The project's file structure is as follows:

```
├── README.md
├── results/
│   ├── README.md
│   └── New Curriculum/      # A folder for each Gaokao paper type
│   │   ├── README.md  # Summary of scores for each Gaokao paper
│   │   ├── Mathematics/       # Jupyter notebooks displaying model answers
│   │   │   ├── New Curriculum I Mathematics_Mixtral-8x22B-Instruct-v0.1.ipynb
│   │   │   └──...
│   │   ├── English/
│   │   ├── Chinese/
│   │   ├── Chemistry/
│   │   └── ...
│   └── National Paper A/
│       ├── README.md
│       ├── Arts and Sciences Mathematics/
│   │   │   ├── National Paper A Arts and Sciences Mathematics_Mixtral-8x22B-Instruct-v0.1.ipynb
│   │   │   └──...
│       └── ...
```

## Evaluation Method

In this evaluation, images from the Chinese, Mathematics, and English exams were discarded, and only the text was input into the models (in the New Curriculum Standard I exams, only Mathematics included two image-based questions, which had minimal impact on understanding and answering). For English listening sections (worth 30 points), all models were assumed to have full scores. For arts and sciences exams, image-based questions were answered using the multimodal versions of the models, while text-only questions were answered by the language models. The parameters, prompts, outputs, and scores for all models are open-sourced in this repository.

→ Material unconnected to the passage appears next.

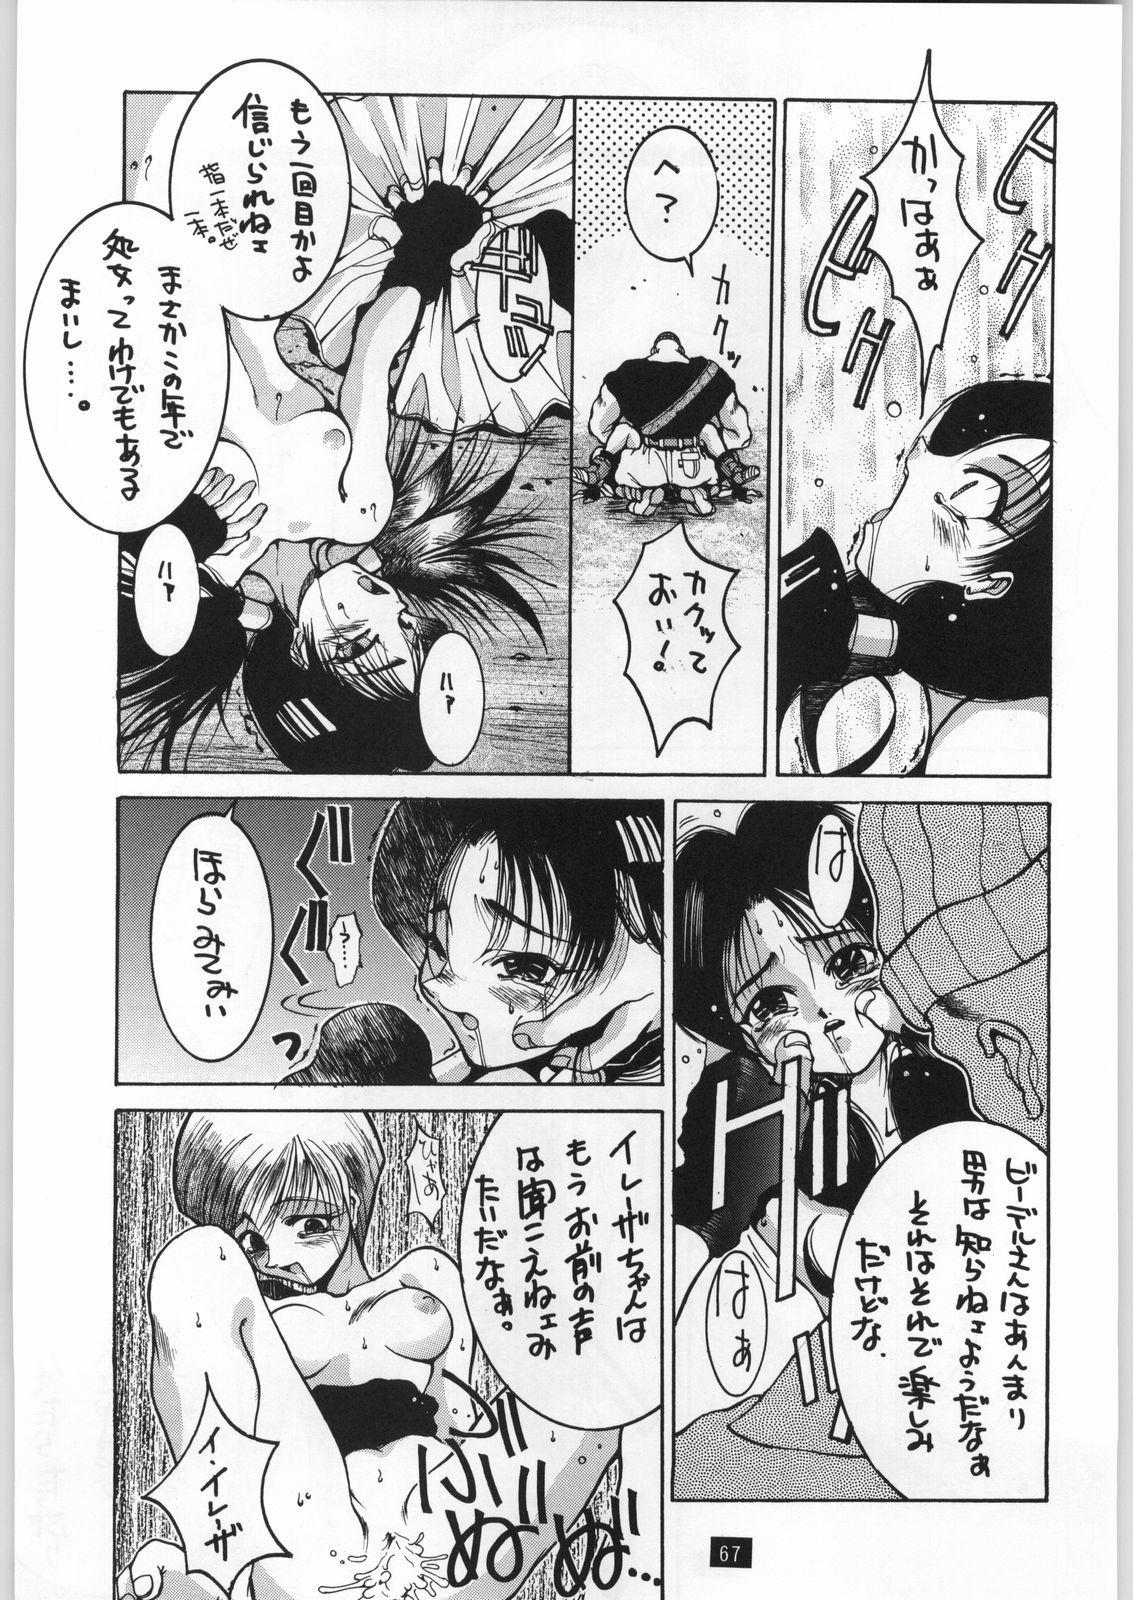 Ink Yamadataro - Dragon ball z Jerkoff - Page 11

### Evaluation Method for Multimodal Questions

Since the Mixtral series includes only language models, only language models were used for multimodal questions. Due to poor performance of the QwenVL-7B on the New Curriculum Standard geography exam (scoring only 4 points), we also evaluated the Qwen2-72B text model for answering the multimodal questions in physics, chemistry, and geography on both the New Curriculum Standard and National Paper A exams.

For details on handling multimodal question images, refer to [Multimodal Question Image Processing](./results/README.md#题目图片).

### Grading Method by Human Teachers

Teachers were not informed that answers were generated by large models before grading. However, due to some models completely misunderstanding questions, generating repetitive answers, or providing analyses instead of solutions, teachers confirmed these issues with us during grading.

Additionally, there may be a 1-2 point margin of error in essay grading due to the absence of handwritten answers.

## Acknowledgments

We sincerely thank all the high school teachers who participated in this project. The outputs of large models present various challenges, and the teachers have shown great patience and diligence in grading. We appreciate their efforts immensely.